Comment 16 Kevin Buckley 2020-07-13 23:34:28 MDT
Thanks for the clarification.

There's a lovely irony in that we were looking to use the
SLURM_JOB_x variables being set at job creation time on
the SlurmCLTD node, as a way to avoid LDAP issues being 
seen at job start-up time on the compute nodes, but, in 
doing so, have merely moved the issue in both time and 
node.

We do have ideas as to how the end-users might avoid the 
effects of failed LDAP lookups, but they all feel a bit 
of kludge, and, more importantly, rely on the users to 
do something.

Indeed, the least kludgey idea would seem to be to do away 
with LDAP and just use a fully populated /etc/passwd, or to 
have the users make use of their UID, which then would not 
be subject to an LDAP lookup.

Having said, a user testing for both $SLURM_JOB_USER and $USER
would have to be very unlucky to have both not resolved by
per-job-synchronised intermittent LDAP lookup failures.
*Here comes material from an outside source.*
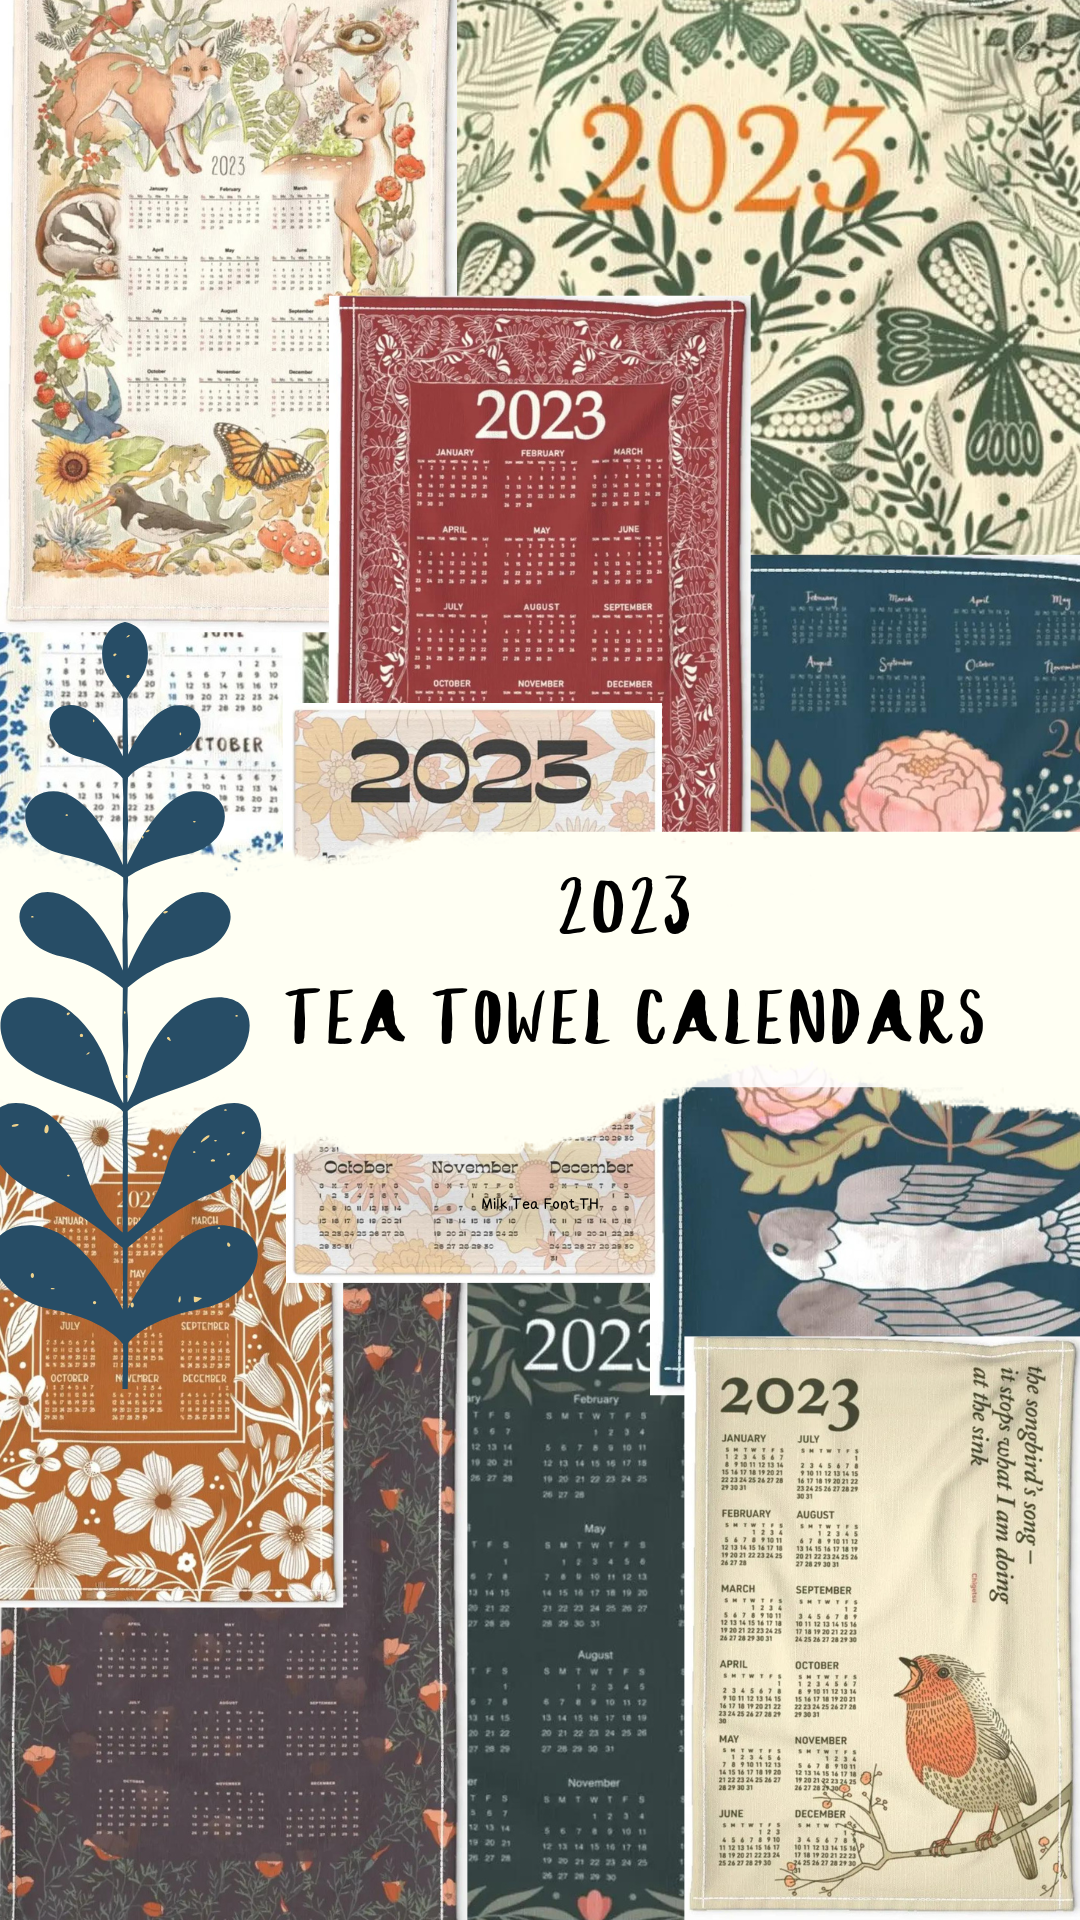 2023 Tea Towel Calendars

Just for completeness, and in case it helps inform anyone
who comes across this ticket in future, the underlying 
issue, aside from the intermittent LDAP lookup failures, 
is that one researcher is writing a job submission script 
that a load of other folk will use, and is trying to branch
on $USER as a way to make the generic script more specific
to the user coming to run it.

Thanks for looking into this.
Comment 17 Gavin D. Howard 2020-07-14 10:13:57 MDT
I apologize. Yes, it is ironic.

I am going to close this bug, but feel free to reopen if you have more questions about this topic.